Братья помогли Николаю пролезть через дыру и взобраться на сиденье. На прощанье Эрик сунул Николаю браунинг: «Возьми, пригодится». Тот отодвинул его руку: «Спасибо, я оружием не пользуюсь». «Ну, и дурак, тебе же хуже», – сказал анархист без всякой злобы.
Несмотря на все протесты Николая, Лиза уселась рядом с ним и приказала братьям встретиться в пять часов с Анной у кинотеатра «Марс». Она положила голову Николая к себе на плечо и осторожно дула на его распухшее лицо, чтобы облегчить страдания. Николай вспомнил, что Володя сегодня дежурит круглые сутки, и приказал извозчику ехать в городскую больницу.
Через час он уже лежал на кожаном диване в ординаторской. Его просветили рентгеном, всего осмотрели и прощупали каждую косточку. Все оказалось в относительном порядке, кроме двух сломанных пальцев на левой руке. Володя сам наложил на них два лонгета и туго перевязал бинтом.
Все это время Лиза терпеливо сидела в коридоре, ожидая, когда ей разрешат войти. Володя ей понравился. Внешне они с Николаем были похожи, только доктор, наверное, для солидности отрастил профессорскую бородку, и время от времени ее поглаживал. С этой бородкой он походил на тех светил, чьи портреты висели на стене рядом с кабинетом. Только те были в зрелом возрасте, а Володя – молодой, красивый и с веселыми огоньками в глазах. Видно было, что любит пошутить.

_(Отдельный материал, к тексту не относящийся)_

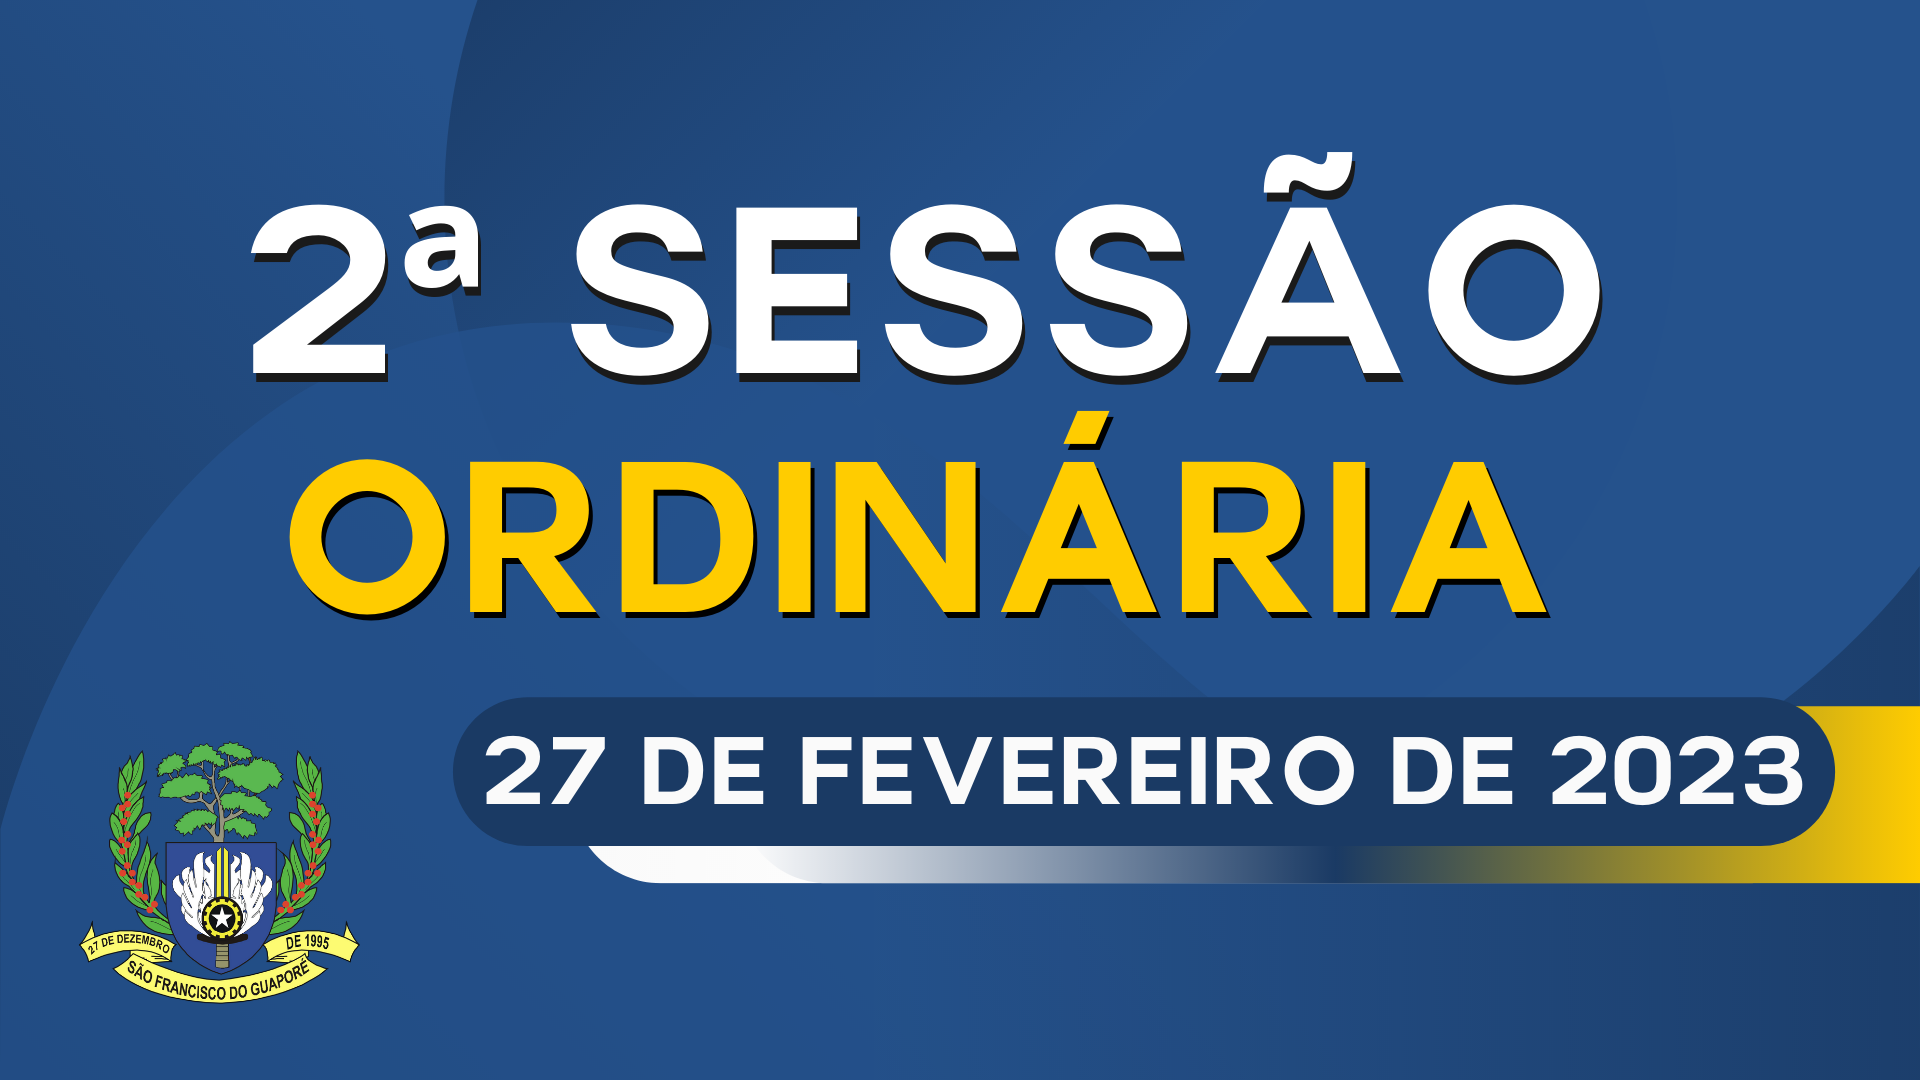 Ordem do dia da Sessão Ordinária de segunda feira dia 27/02/2023.

Ей надоело ждать. Она без стука вошла в кабинет. В этот момент сестра делала Коле укол в ягодицу. Увидев Лизу, она быстро опустила одеяло и недовольно буркнула:
– Больному нужен покой, ему ввели морфий.
Не обращая на нее внимания, Лиза села на диван рядом с Колей, погладила его по щеке.
– Лиза, умоляю тебя, поезжай домой, – сказал он слабым голосом. – Я здесь в надежных руках.
– Коленька, ты меня простил?
– Ты о чем? Забудь все.
– Давай больше никогда не ссориться.
– Я и не ссорился, хотел, чтобы ты кое-что поняла... Глупая! Мне стыдно, что я тут лежу в таком виде, не могу даже поцеловать, губы болят.
Лиза отодвинула примочки на его губах, нежно к ним прикоснулась, положила голову ему на грудь.
– Коля, мне страшно. Эти «союзники» за тобой охотятся, они могли тебя убить.
– Ничего они не сделают, руки коротки.
– Ты зря не взял у Эрика браунинг, с оружием спокойней.
– Лизонька, не нагоняй на людей панику. И вообще я уже отключаюсь, у меня язык заплетается...
– Ты спи, спи, я сейчас уйду.
Володя пошел проводить ее до извозчика.
– Как вы думаете, сколько он у вас тут пробудет? – спросила она доктора.
Тот прежде, чем ответить, задумчиво погладил свою бородку. Лиза, как ей не было тяжело, улыбнулась.
– Здесь ему оставаться нельзя. Полиция после громких убийств обычно проверяет все больницы. Завтра у меня в восемь утра кончается дежурство, и я перевезу его к себе. По-хорошему ему нужно отлежаться недели две, но он попросил меня позвонить двум своим ученикам и перенести занятия только на три дня. Он не умеет болеть.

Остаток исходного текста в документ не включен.